President Donald Trump has signed two new executive orders, boosting historically black colleges and rolling back environmental protections created under the previous administration. He also signed two bills that aim to increase the presence of women in STEM fields.
On the last day of Black History Month, Trump signed an executive order that will move the Historically Black Colleges and Universities (HBCUs) initiative from the Department of Education’s purview back to the White House.
Although every president since Jimmy Carter in 1980 has reorganized the initiative through executive orders, Trump said his White House will make it “an absolute priority.” Previous administrations have “lost track because they didn’t have the full force of the White House behind it.”
The initiative will now be led by a person “who reports to a senior advisor to the president.” One of its goals will be to promote HBCUs as “strategic partners” in the president’s “urban agenda of creating jobs and making inner cities safe again,” a senior White House official told reporters in a background briefing.
The executive order comes after Trump, Vice President Mike Pence and Education Secretary Betsy DeVos met with representatives of more than 60 of the country’s 107 HBCUs in the Oval Office on Monday, where Trump joked that he didn’t think “we've ever had this many people in the Oval Office. This could be a new record, forever.”
“You deserve far more credit than you get, and know that beginning today, this administration is committed to making sure that our historically black colleges and universities get the credit and the attention they deserve,” Pence said. “Get ready for a great and energetic partnership in the days ahead.”
However, DeVos faced a backlash after she linked HBCUs ‒ which were established to educate African-Americans shut out of traditional colleges due to segregation after the Civil War ‒ to her controversial school choice plan, saying that they are “real pioneers when it comes to school choice.”
“They are living proof that when more options are provided to students, they are afforded greater access and great quality,” she said in a statement. “Their success has shown that more options help students flourish.”
Dialing back water regulations
As farmers, home builders and county commissioners looked on, Trump signed an executive order that instructed the Environmental Protection Agency (EPA) and the US Army Corps of Engineers to review and reconsider the 2015 Waters of the United States (WOTUS) environmental rule, which gave the federal government broad authority to limit pollution not only in major water bodies but in streams and wetlands that feed them. The president called WOTUS a “very destructive and horrible rule.”

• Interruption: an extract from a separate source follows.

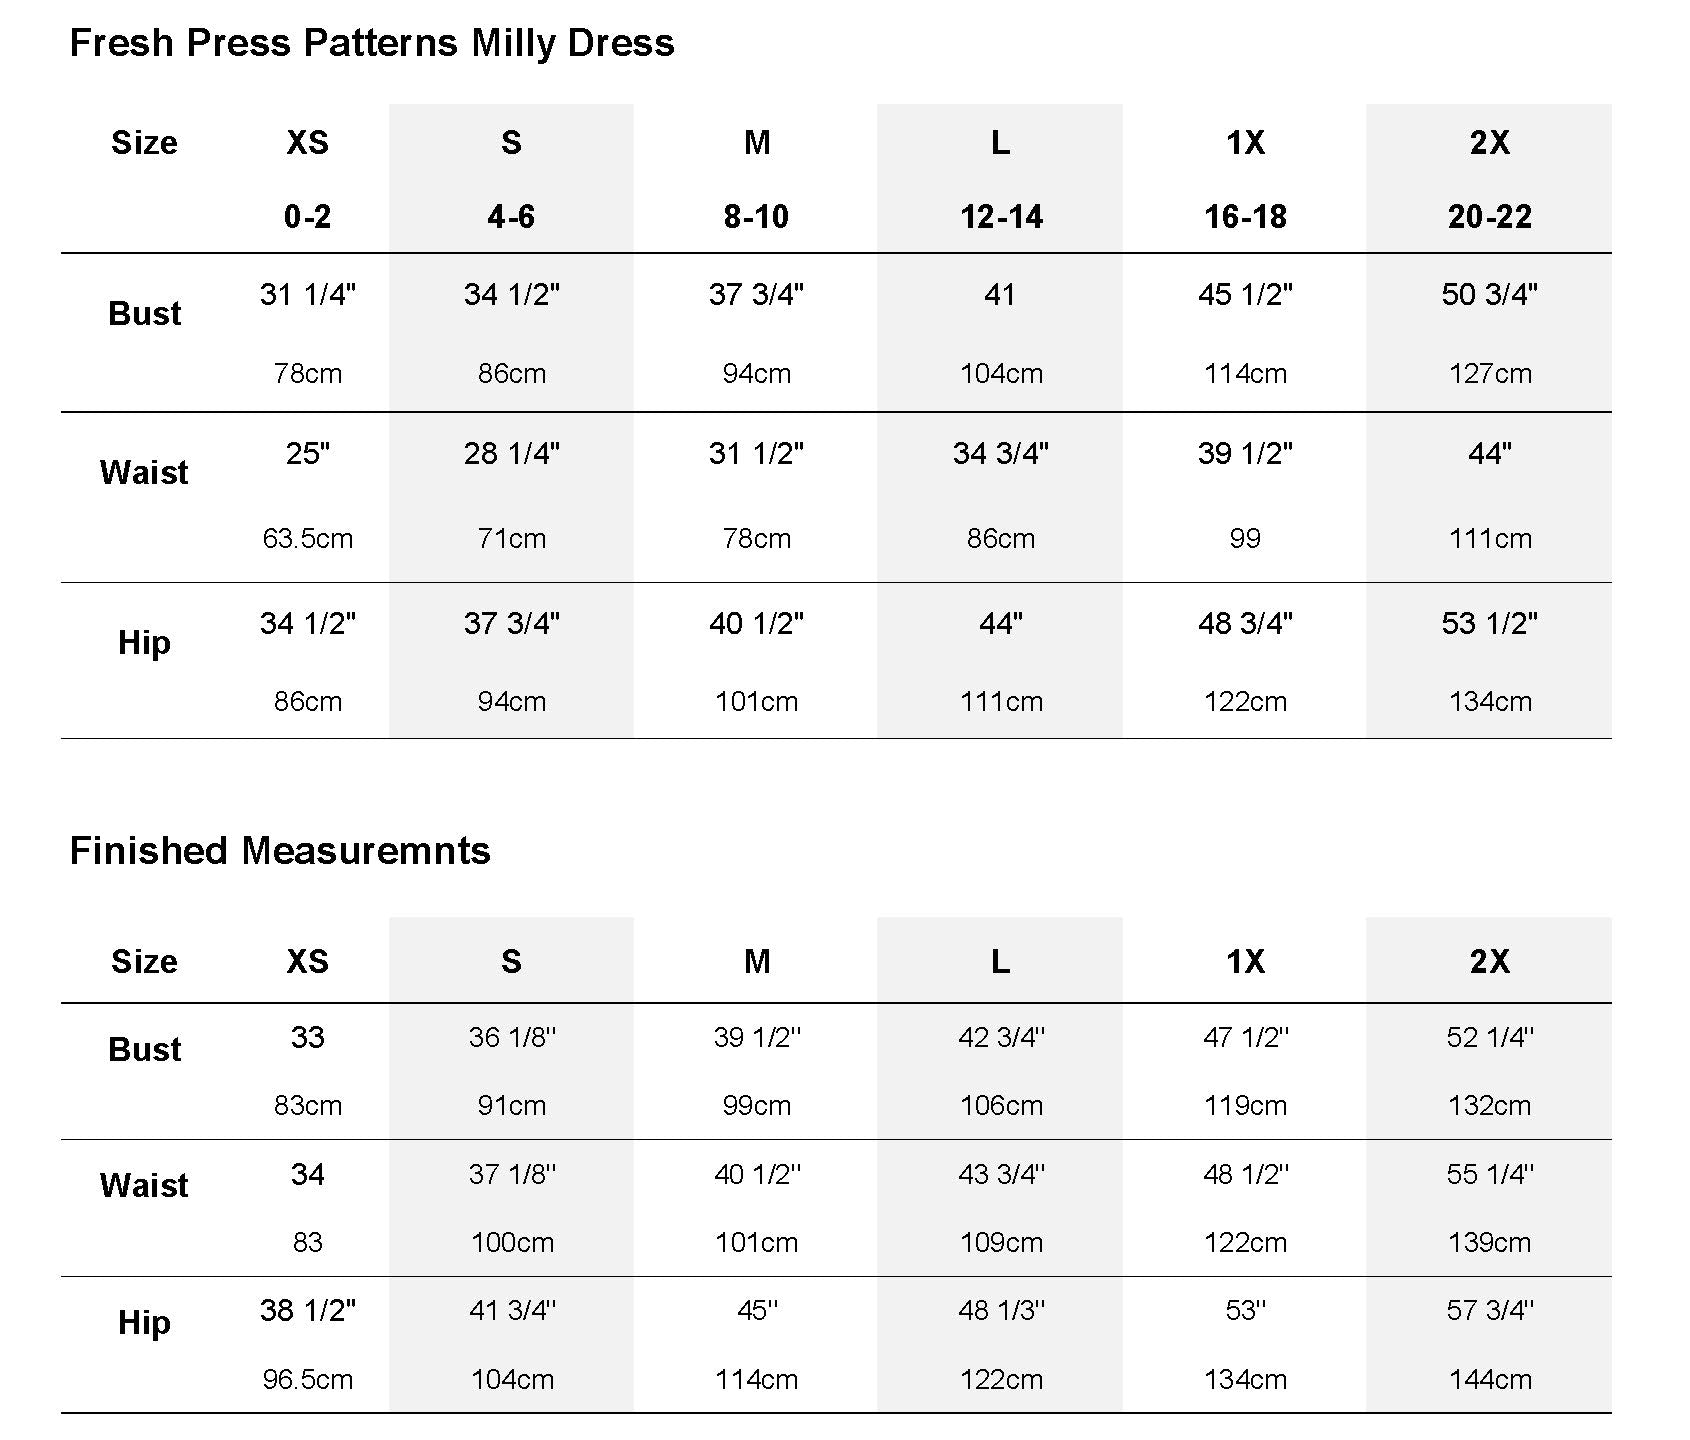 Milly Dress – Fresh Press Patterns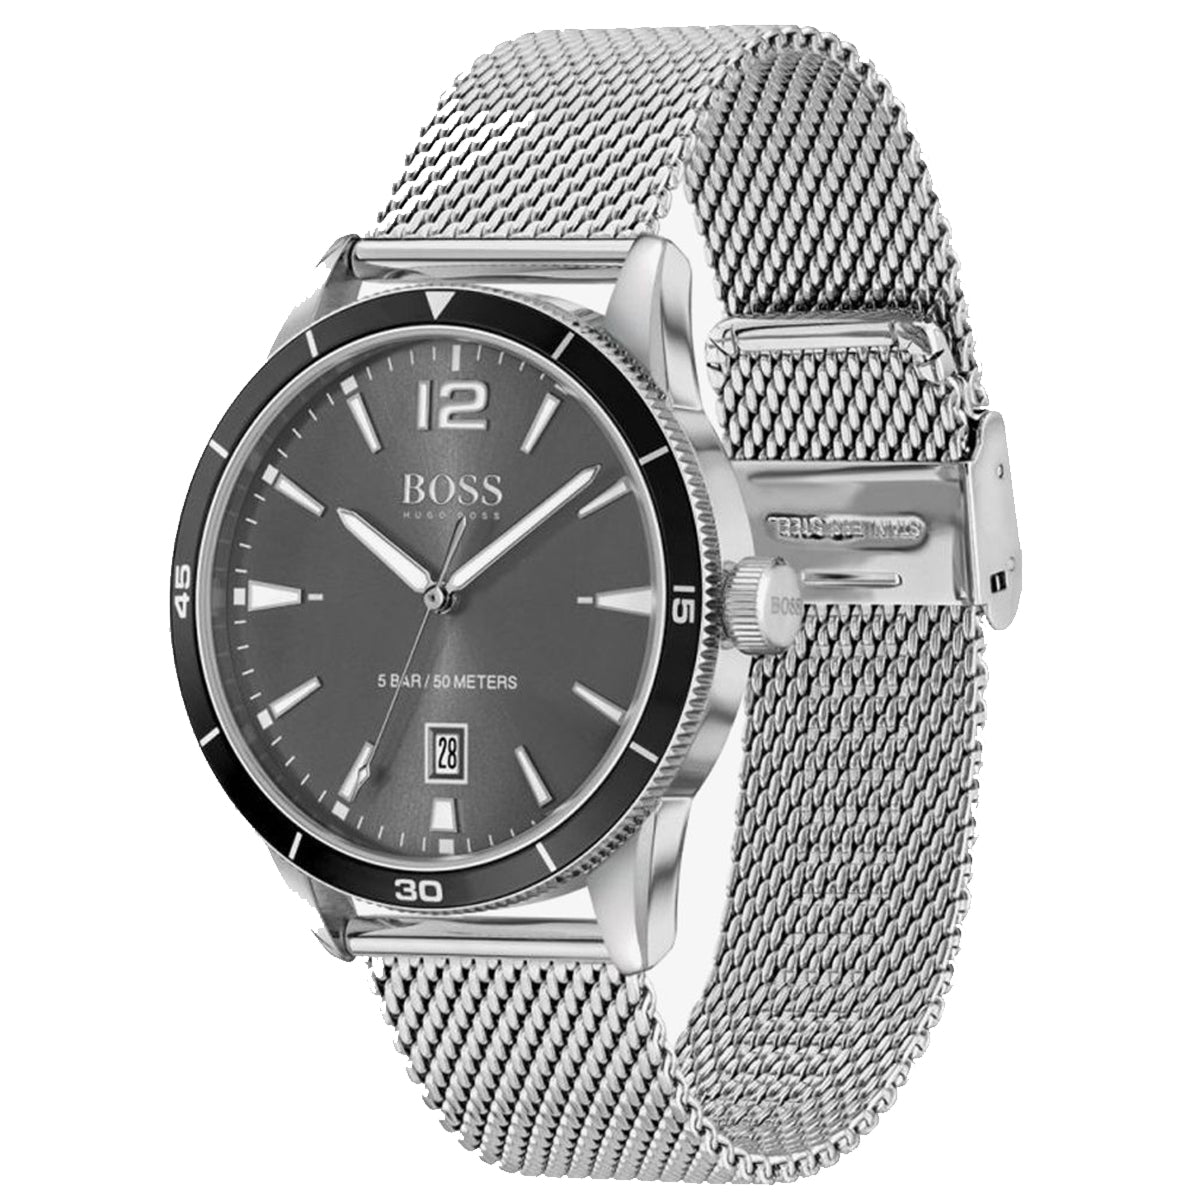 Hugo Boss - Watch and Cufflinks Gift Set - HB157.0126

“A few years ago the EPA decided that ‘navigable waters’ could mean nearly every puddle or every ditch on a farmer’s land, or everywhere else that they decide,” Trump said. “It was a massive land grab.”
The president would prefer that the rule only apply to “navigable waters” affecting “interstate commerce.”
It could take well more than a year for the directive and its subsequent rulemaking to be carried out, the Washington Post reported.
The executive order pits the agricultural, construction and real estate industries ‒ who complained that the old rule would stifle economic growth and intrude on property owners’ rights ‒ against outdoor recreation and environmental groups, who said the previous protections were essential to safeguard public drinking water and the ecosystems of about 60 percent of the country’s waterways.
Women in STEM
Trump also signed two bills into law that aim to encourage women to go into the fields of science, technology, engineering and mathematics (STEM). HR 321, the INSPIRE Women Act, directs the head of NASA to encourage female students to study and pursue STEM careers, while HR 255, the Promoting Women in Entrepreneurship Act, encourages the National Science Foundation to support entrepreneurial programs for women in those fields.
“Great news. Really the way to go. Very heavy into the whole NASA situation. So women will be a big, big part of it,” Trump said of the INSPIRE Women Act. He called the Promoting Women in Entrepreneurship Act “so important.”
A bipartisan group of lawmakers, including Senators Joni Ernst (R-Iowa) and Heidi Heitkamp (D-North Dakota), were on hand, as were Pence, DeVos, First Lady Melania Trump and First Daughter Ivanka Trump.